Santibañez further explores the symbiosis between labor and revolution in their replications of traditional talavera Mexican pottery. The artist pairs traditional techniques and motifs with a more modern contemporary punk, fetish style. The result is a collection of objects that are charmingly defiant and anachronistic. The works speak to the value of the labor of the crafts-person and the championing of personal liberty while also exploring a quest for queer utopias and queer futurism.

Working more overtly with metal and punk imagery, the leatherwork pieces by Santibañez have a relic-like quality to them. They carry both gracefulness and hardness. The visual language of metal band t-shirts and back patches is engraved in monochromatic tooled leather. The primal aura of these works references both the collective in ancient cultures and the pack mentality of contemporary subcultural alliances. 

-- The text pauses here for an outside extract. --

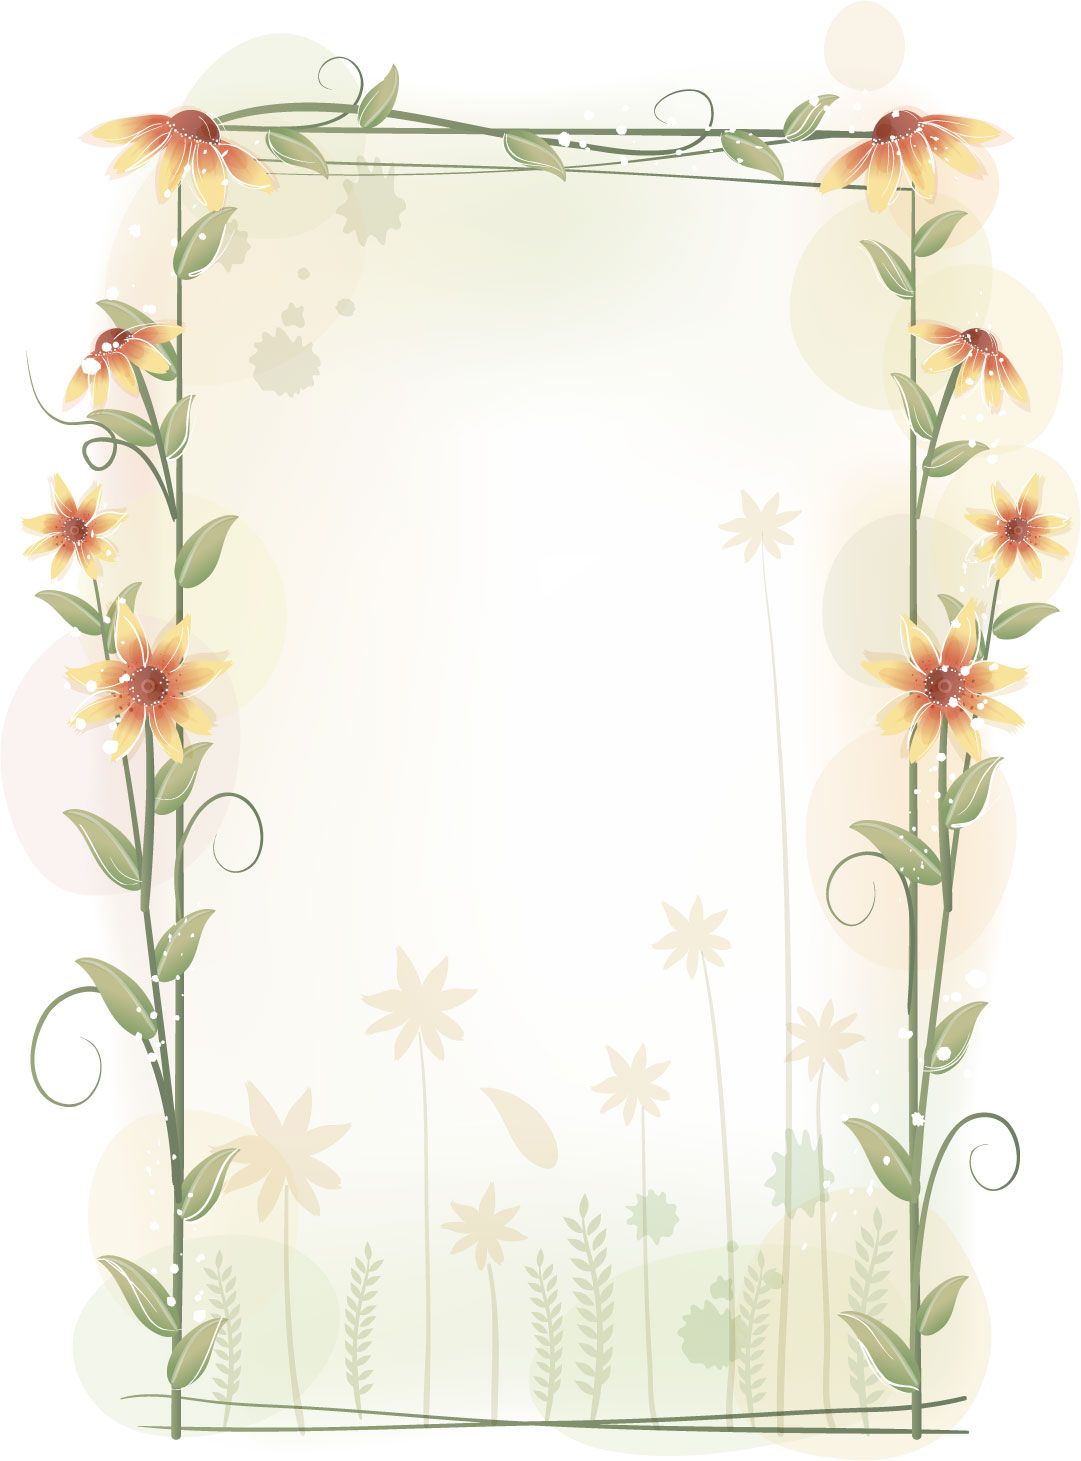 花のイラスト フリー素材 フレーム枠no 460 縦長 暖色

*“The international of hope. Not the bureaucracy of hope, not the opposite image and, thus, the same as that which annihilates us. Not the power with a new sign or new clothing. A breath like this, the breath of dignity. A flower yes, the flower of hope. A song yes, the song of life.
Dignity is that nation without nationality, that rainbow that is also a bridge, that murmur of the heart no matter what blood lives it, that rebel irreverence that mocks borders, customs and wars.
Hope is that rejection of conformity and defeat.” —EZLN,
 First Declaration of La Realidad for Humanity and against Neoliberalism, 1996

MAD MUSEUM FELLOWSHIP

New York, NY (January 23, 2019)

The Museum of Arts and Design (MAD) is pleased to announce the Winter 2019 session of its Artist Studios program and Artist Fellowship. The selected artists, who will work in MAD's sixth-floor open studios from February 5 through August 4, 2019, are Jamie Boyle, Rachel Grobstein, Anthony Iacono, Tamara Santibañez, Maryam Turkey, Brigitta Varadi, and Chang Yuchen. Santibañez is this cycle's Artist Fellow.